Exeter Northcott theatre needs to start again “with a completely clean slate”, according to the administrator who is now in charge of the venue and is calling for the company that ran the theatre to be replaced with an entirely new body.
Ian Walker from administrator Begbies Traynor was appointed last month after it emerged that the regional producing venue was trading with a significant deficit. At the time, its board claimed it had “no choice” but to place the theatre into administration, despite receiving advice against the move from Arts Council England.
According to Walker, the deficit runs to “several hundred thousand pounds” and he is now talking to the theatre’s funders in a bid to find the best way forward for the Northcott.
He told The Stage: “There is a deficiency there and it’s also apparent that there has been a certain amount of falling out between the various stakeholders, which I think means that the only way forward is for a new company to be formed to take this thing over.
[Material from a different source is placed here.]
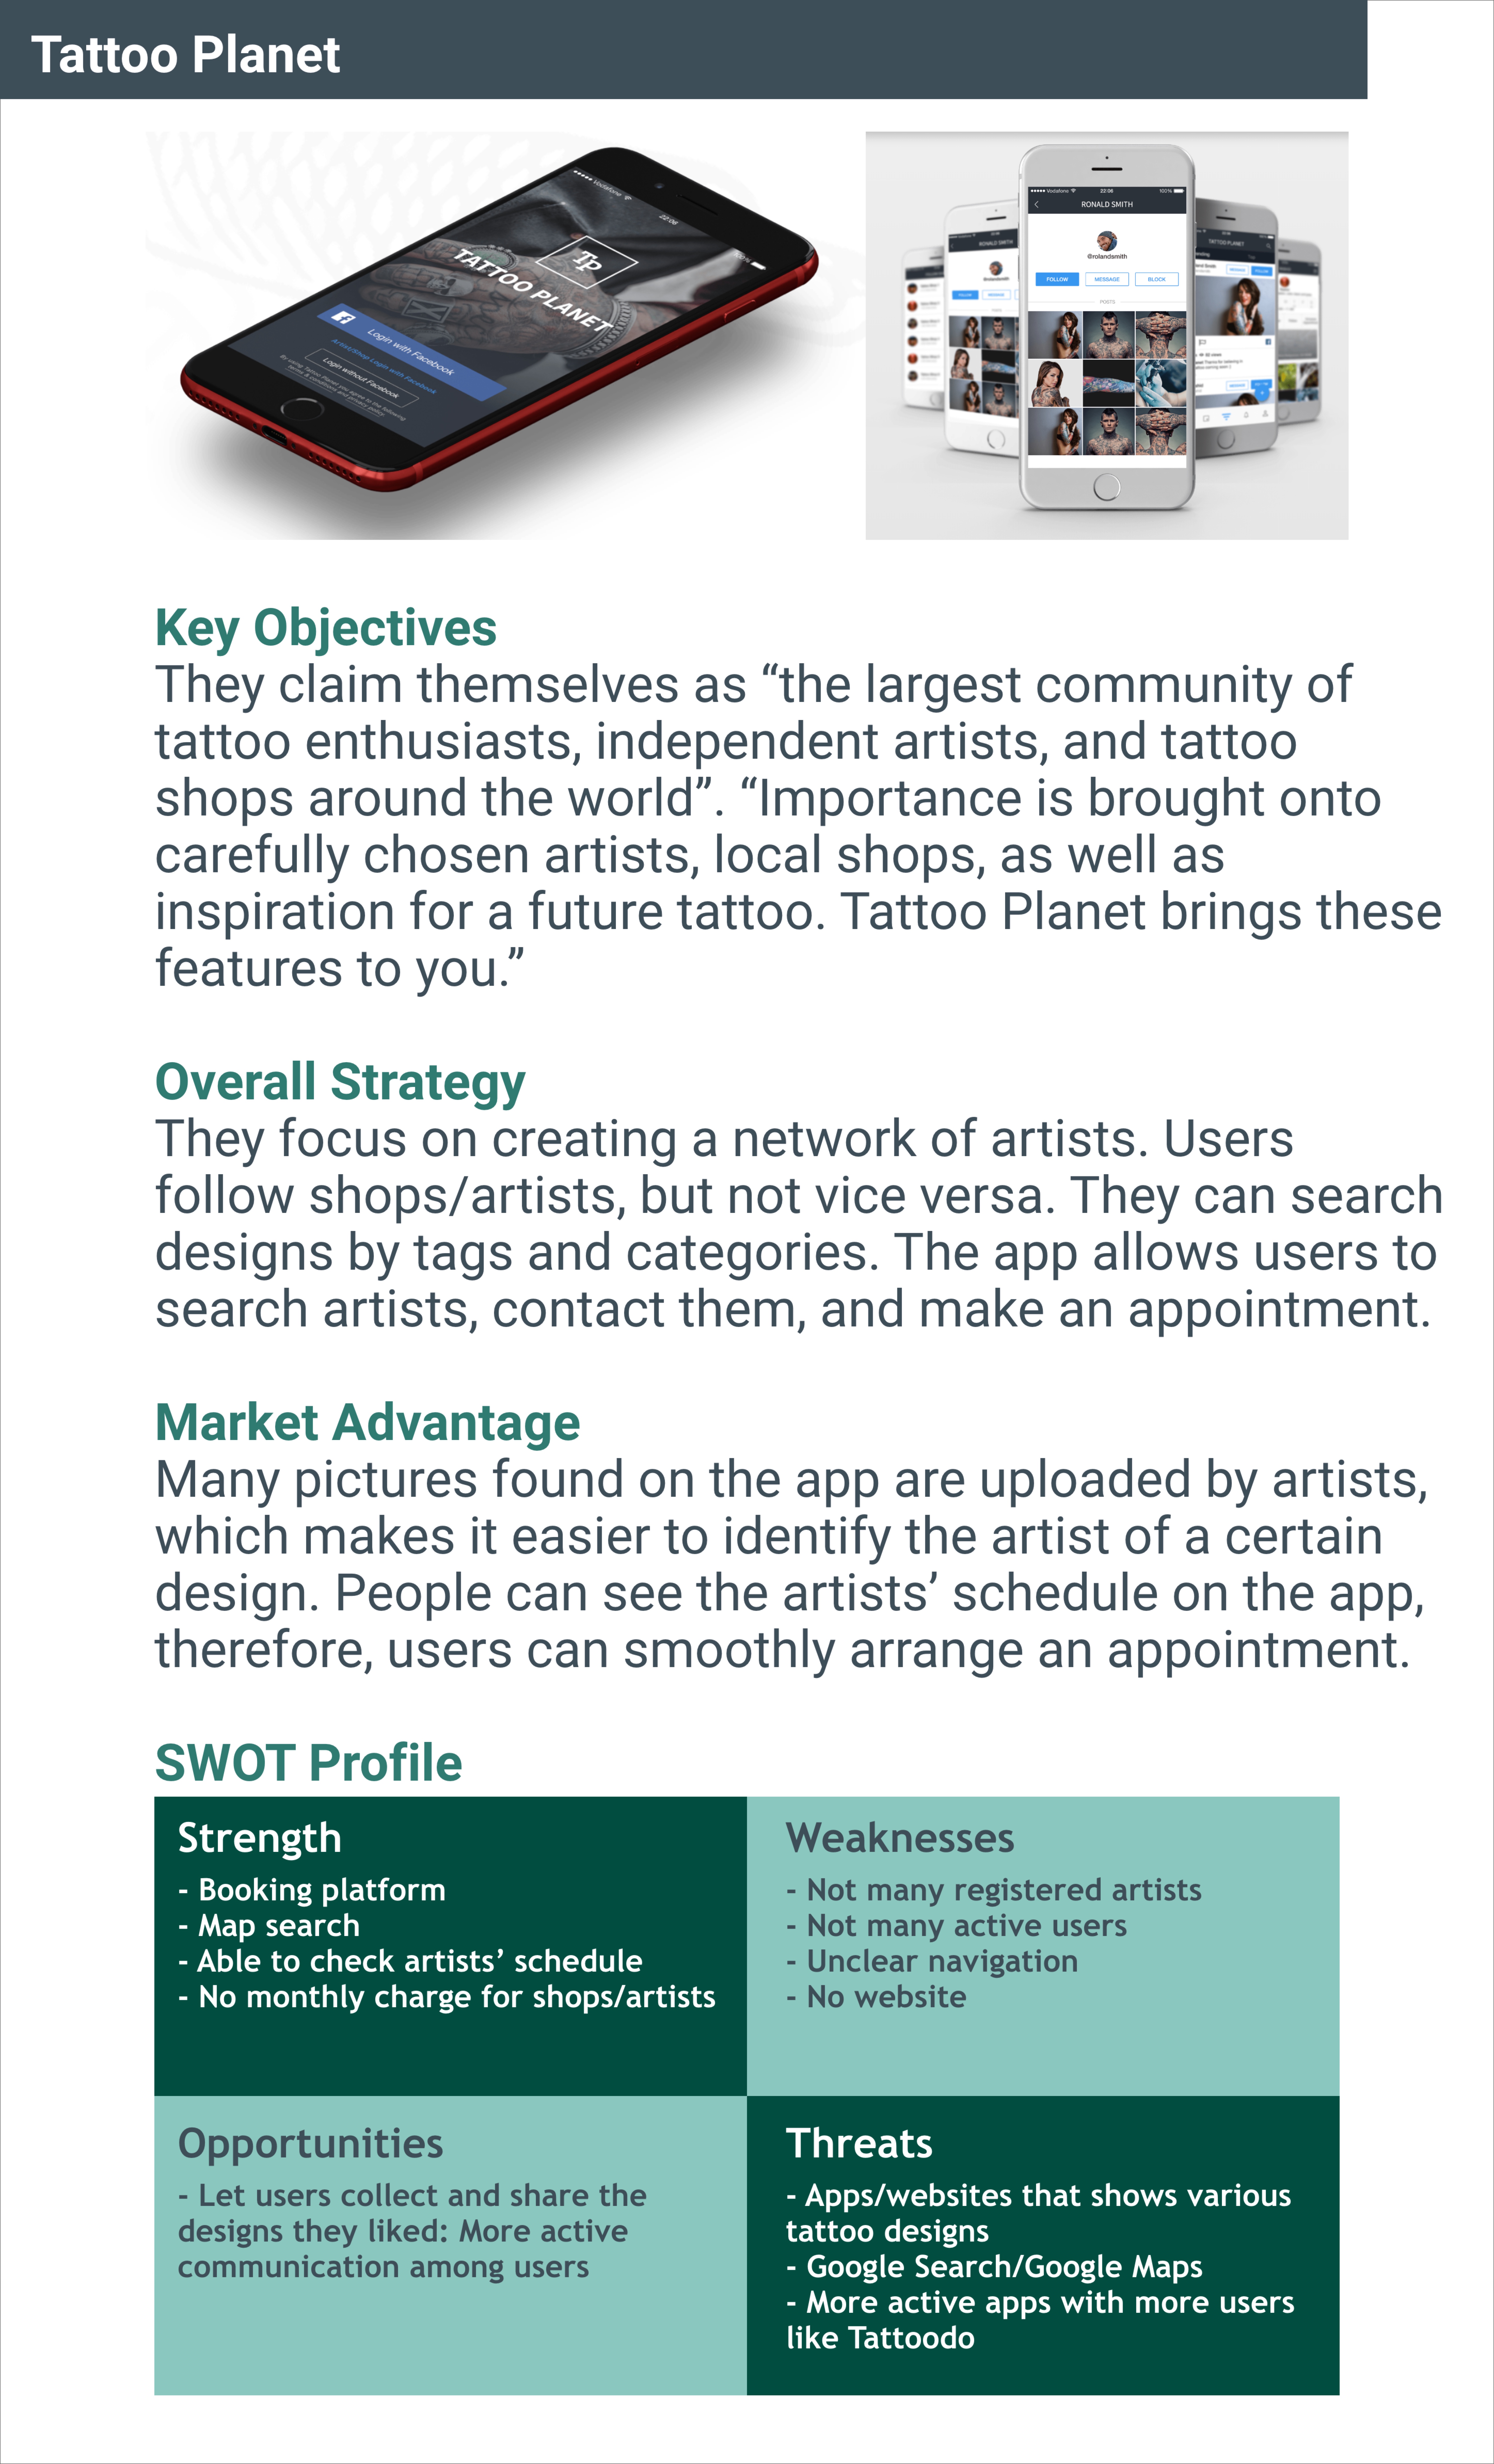 Buy 2 Geometric Tattoo Galaxy Tattoo Planet Tattoo Half Tattoo Sleeve  Forearm Tattoo Men Temporary Tattoo Sleeve Tatouage Temporaire Tätowierung  Online in India - Etsy

“It makes a lot of sense for a new company to take this over with a completely clean slate. It can be new everything - new board, new management, new way the theatre is going to be run. Everything is up for grabs.”
According to Walker, because the company which ran the venue - Northcott Theatre Foundation - does not own the theatre, which is leased from Exeter University, it would be possible for a new organisation to take over its assets for little or no money.
However, he acknowledged that “it would very much be a win-win situation if someone was willing to pay to take over the theatre” because it would mean some of Northcott’s unsecured creditors could be paid back. He stressed that if a new organisation were to take over the running of the venue, current staff would be protected in the transfer.
Walker added: “We are starting to crystallise a way forward which will hopefully take the theatre - I don’t mean the company - out of administration sooner rather than later.”
When the Northcott went into administration at the end of last month, it marked the latest development in an ongoing saga at the south-west theatre.
In 2007, shortly after reopening following a £2.1 million redevelopment, the venue was hit with the news it was to lose its annual £547,000 grant from ACE as part of the 2007 spending round. At the time, the theatre said it faced the threat of closure if the grant was removed. In early 2008, ACE revised its decision. Later in 2008, long-serving artistic director Ben Crocker left the venue and a new senior management team was appointed.
In October that year, the new chief executive Kate Tyrell announced a restructuring of the organisation in a bid to save on running costs. The scheme saw several redundancies made.
However, according to Walker, the organisation appears to have run into financial trouble again because of “excessive spend on overheads” caused by an accounting system which was incapable of alerting the company to the over-spend until it was too late.